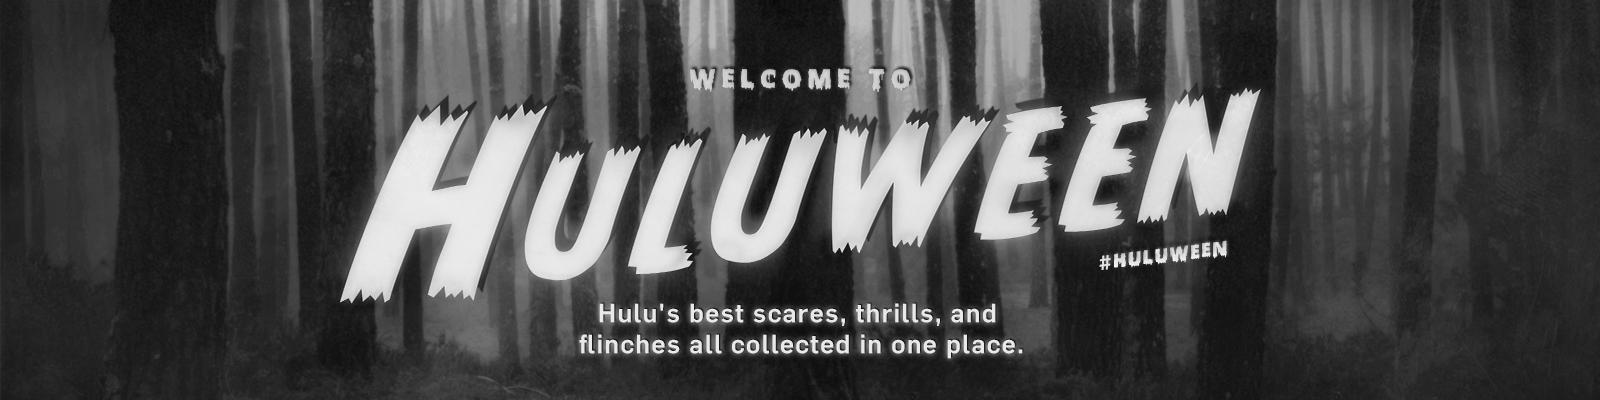 Photo courtesy of Hulu.
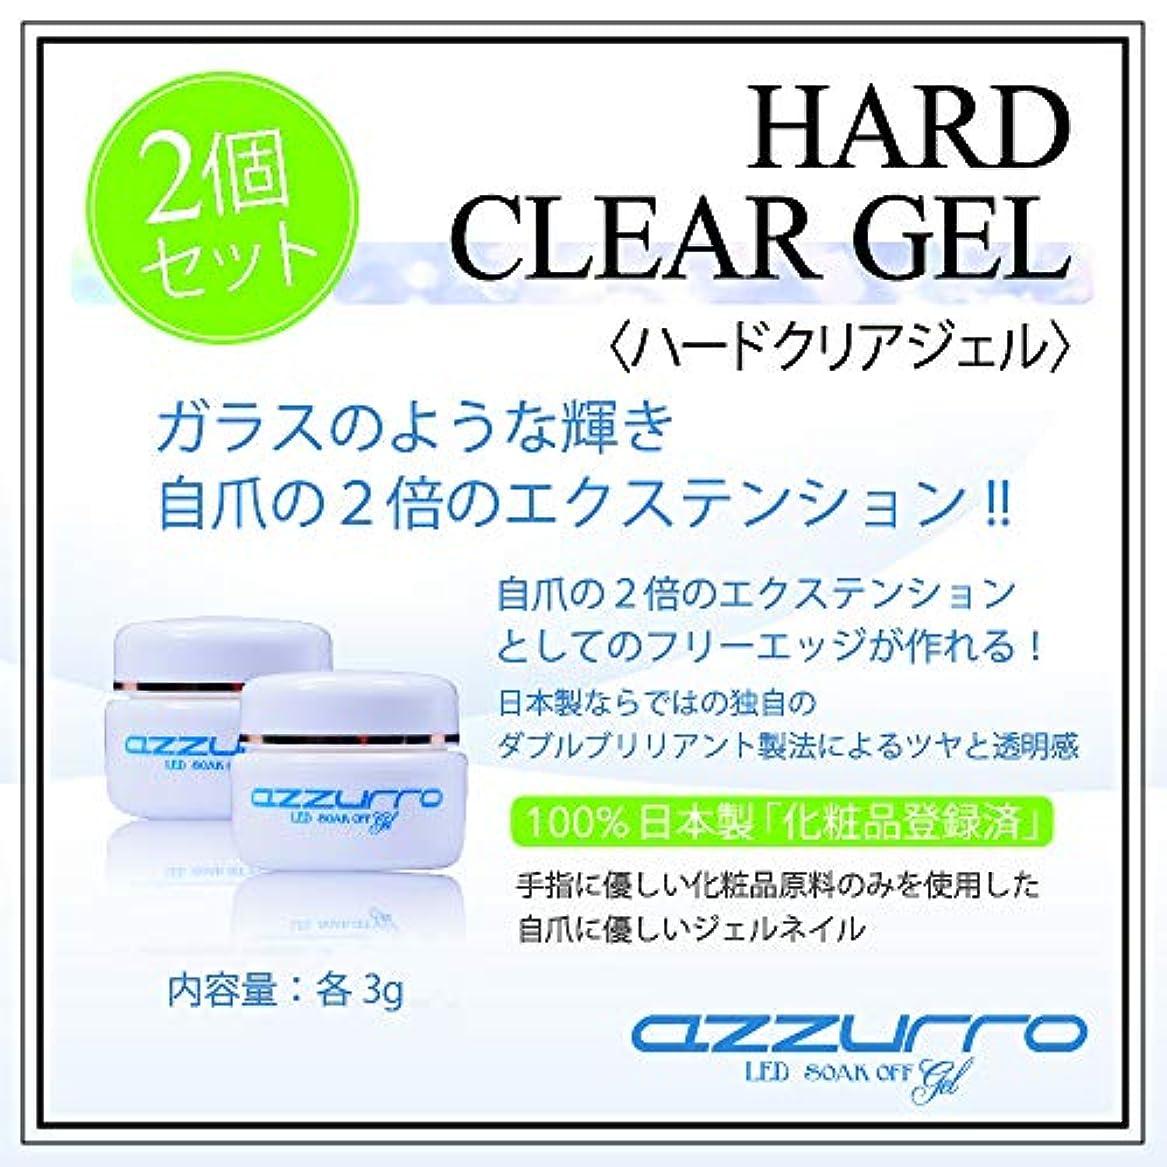 ディスコドライバセミナーazzurro gel アッズーロハードクリアージェル 3g お得な2個セット キラキラ感持続 抜群のツヤ
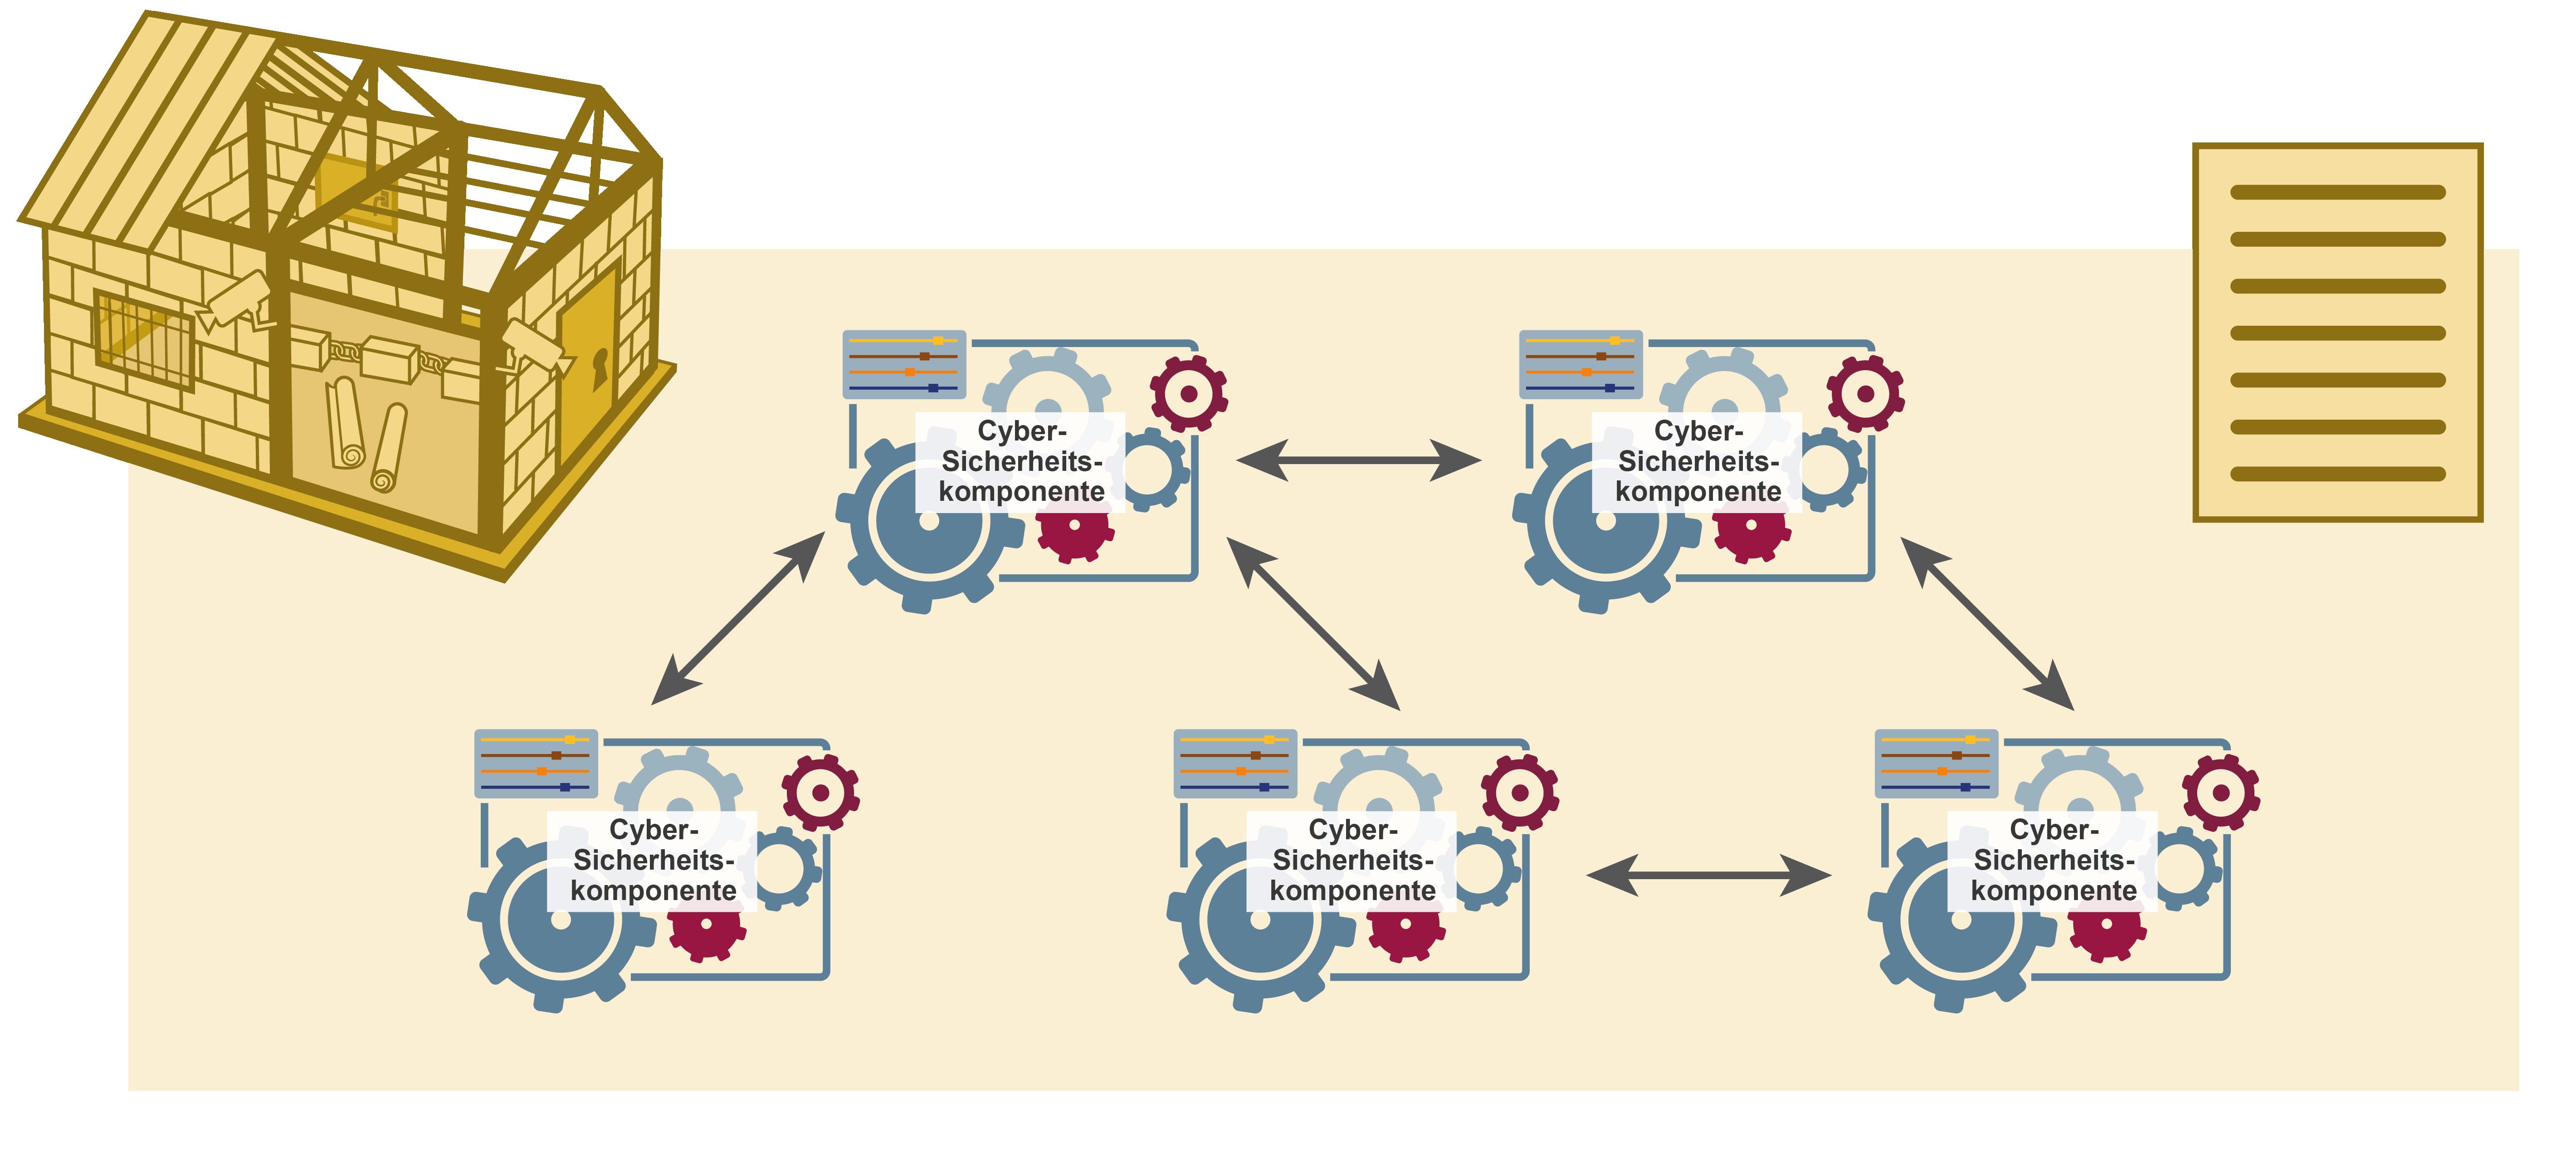 """Symbol für """"Cyber-Sicherheitsarchitekturen"""" – Glossar Cyber-Sicherheit – Prof. Norbert Pohlmann"""
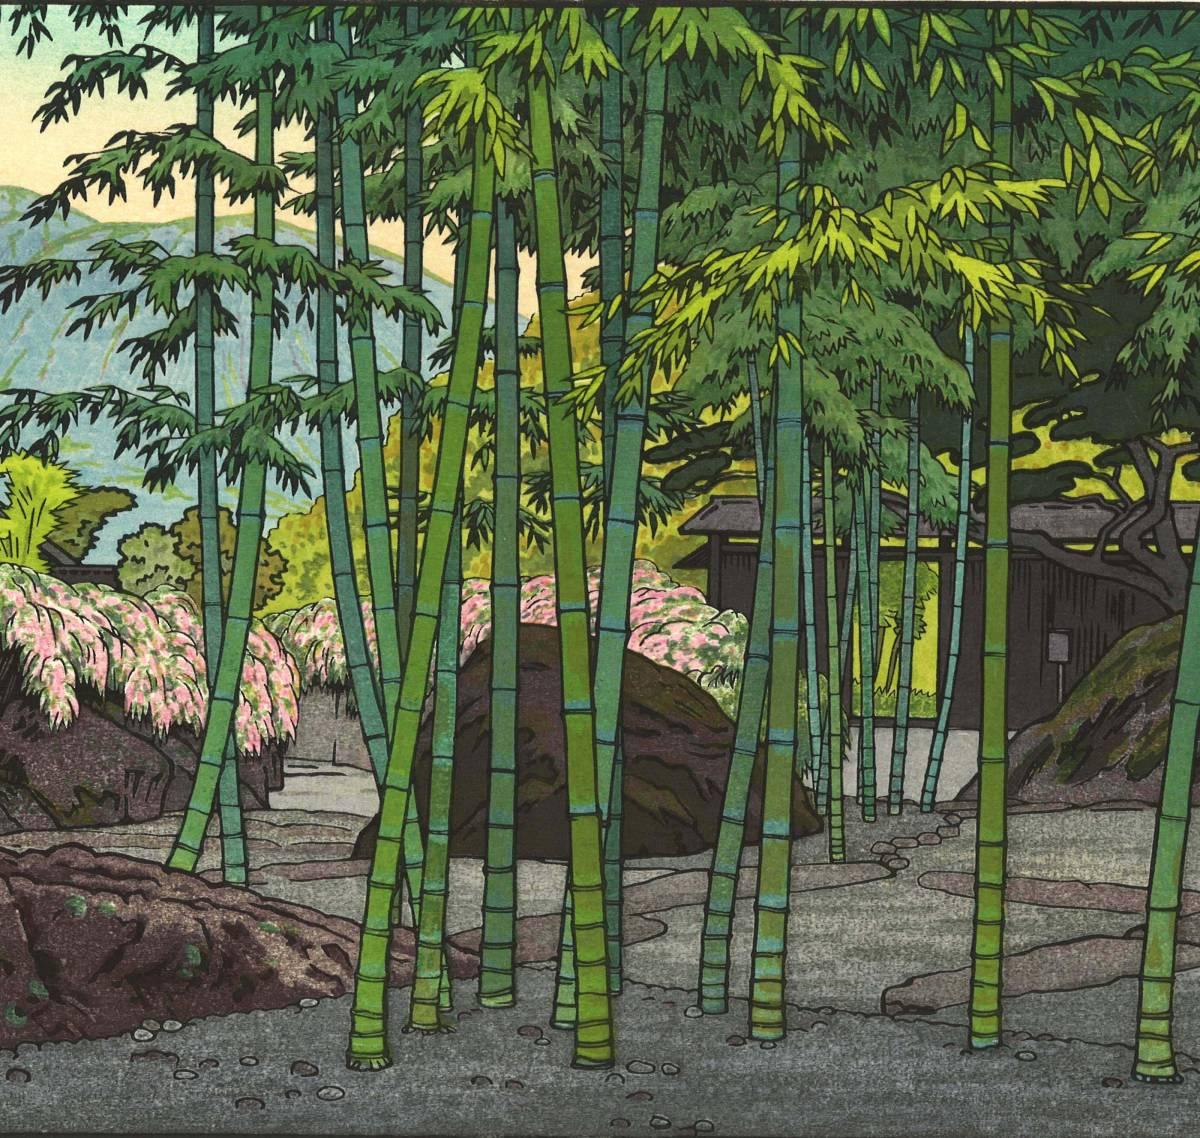 吉田遠志 木版画 015402 箱根神仙郷 竹のお庭 (Bamboo Garden,Hakone Museum) 初摺1954年  最高峰の摺師の技をご堪能下さい!!_画像7

Activity:
What is needed is an exact copy of the data, with the pictures removed.

Output for this exercise:
 Photo courtesy of Hulu.
 ディスコドライバセミナーazzurro gel アッズーロハードクリアージェル 3g お得な2個セット キラキラ感持続 抜群のツヤ
 """Symbol für """"Cyber-Sicherheitsarchitekturen"""" – Glossar Cyber-Sicherheit – Prof. Norbert Pohlmann"""
 吉田遠志 木版画 015402 箱根神仙郷 竹のお庭 (Bamboo Garden,Hakone Museum) 初摺1954年  最高峰の摺師の技をご堪能下さい!!_画像7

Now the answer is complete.